Not even a month gone, and 2011 is already proving problematic.
This story first appeared in the January 24, 2011 issue of WWD. Subscribe Today.
A string of fashion firms have revised fourth-quarter guidance in the last two weeks — with many warning along the way that the consumer mood might not remain quite as buoyant as they hoped it would after the sales boom early in the holiday shopping season. Now that New Year’s hangovers are long gone, consumers may once again be slamming their wallets shut in the face of continuing high unemployment, ongoing mortgage foreclosures and spiraling prices — on everything from food to clothes to gasoline. The result is an inventory overhang for both retailers and vendors.
The most recent was The Jones Group Inc., which late last week said fourth-quarter earnings are expected to land at 2 cents a diluted share, below the 11 cents analysts had expected and the same figure for the 2009 quarter. Shares of Jones fell $1.34, or 9.7 percent, to $12.44 Friday. On their way to the close, shares hit a new 52-week low of $12.11.
Through holiday, figures held up well for men’s wear firms and luxury concerns, but Jones joins a growing list of companies focused on the middle market stung by fourth-quarter shortfalls in sales, earnings or both. Also on Thursday, J. Crew Group Inc., preparing to be acquired by TPG Capital and Leonard Green & Partners, held to its earlier fourth-quarter earnings projections but said comparable-store sales for the period would decline in the midsingle digits rather than the low-single-digit decline forecast earlier. The Talbots Inc. on Jan. 10 told Wall Street its loss for the period would be larger than expected, and Liz Claiborne Inc. brought down estimates on Jan. 6, as it reported lower December comps at Juicy Couture and Lucky Brand stores.
Inventory discipline has been among the saving graces of retail in the difficult period since the economic meltdown of September 2008. If sales failed to keep pace with inventories in the final months of 2010, though, that isn’t indicated in figures reported by the Commerce Department. The adjusted inventory-to-sales ratio among retailers for November was 1.34, a tick below the 1.35 reported for October. December figures haven’t yet been released.
After a strong kickoff to the holiday season in November, same-store sales landed south of analysts’ expectations in December, and retail stocks, which grew 23.5 percent last year, have been in retreat since. Last week, the S&P Retail Index declined 1 percent to 502.18 following a 0.5 percent decline on Friday. The decline since Jan. 1 is 1.1 percent. The Dow Jones Industrial Average was up 0.7 percent to 11,871.84 last week and is ahead 2.5 percent so far this year.
Of the 171 issues tracked by WWD, 42 had increases last week versus 127 with declines and two that were unchanged.
Figuring prominently among the challenges for 2011 is the virtual certainty of price increases at the wholesale and retail levels.
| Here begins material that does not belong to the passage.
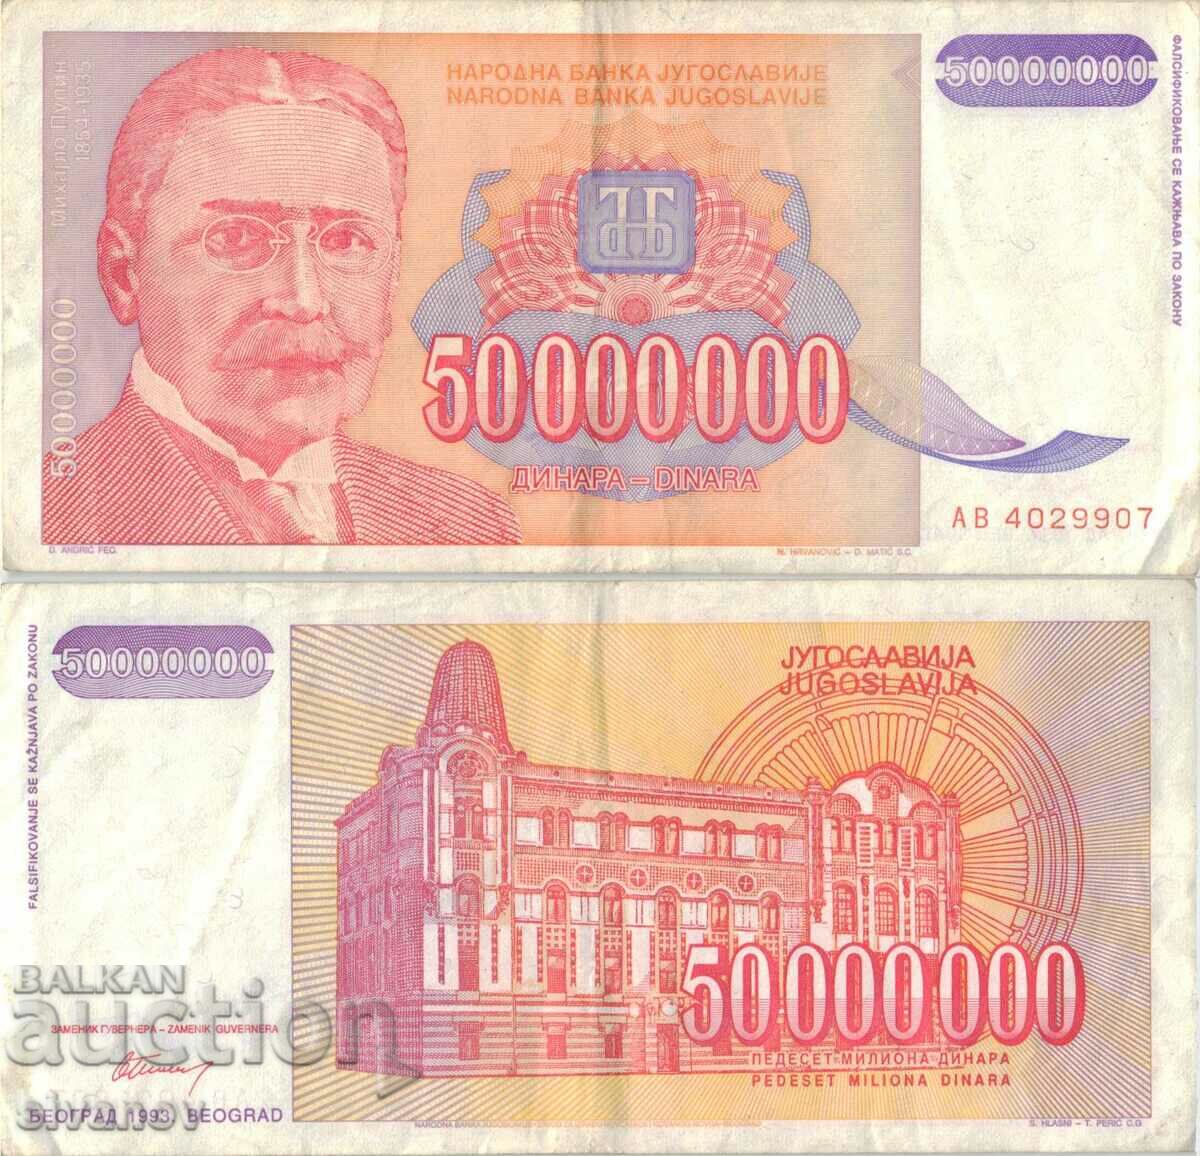 Югославия 50 000 000 динара 1993 година  #5069

At the Cowen and Co. Consumer Conference in New York earlier this month, Emanuel Chirico, chairman and chief executive officer of Phillips-Van Heusen Corp., said that during the second half of this year, “we’re seeing increases that are approaching 15 percent….Clearly, we will pass on a substantial portion of that.
“The question is: How will the U.S. consumer deal with that?” he said.
Wesley Card, Jones’ ceo, also pointed to price increases as a concern. “The strength in consumer spending and acceptance of price increases in 2011 remain uncertain,” he said in preparing investors for the earnings shortfall when the company reports quarterly results on Feb. 9. “In addition, continued cost inflation will present a significant challenge to margins.”
Card said sales in 2010 are expected to rise 9.3 percent to $3.64 billion, while the firm’s brands “are positioned to achieve net revenue growth in midsingle digits” in the new year. But sounding a less than optimistic note, he said gross margins “can be at 2010 levels.”
John McClain, chief financial officer, said the firm late last year “needed to sell more into the off-price channel” to clear second-half inventories that grew on the basis of first-half sales strength. “We are now well positioned with our inventory, and we have tightened our 2011 buy plans to a more conservative approach,” he said.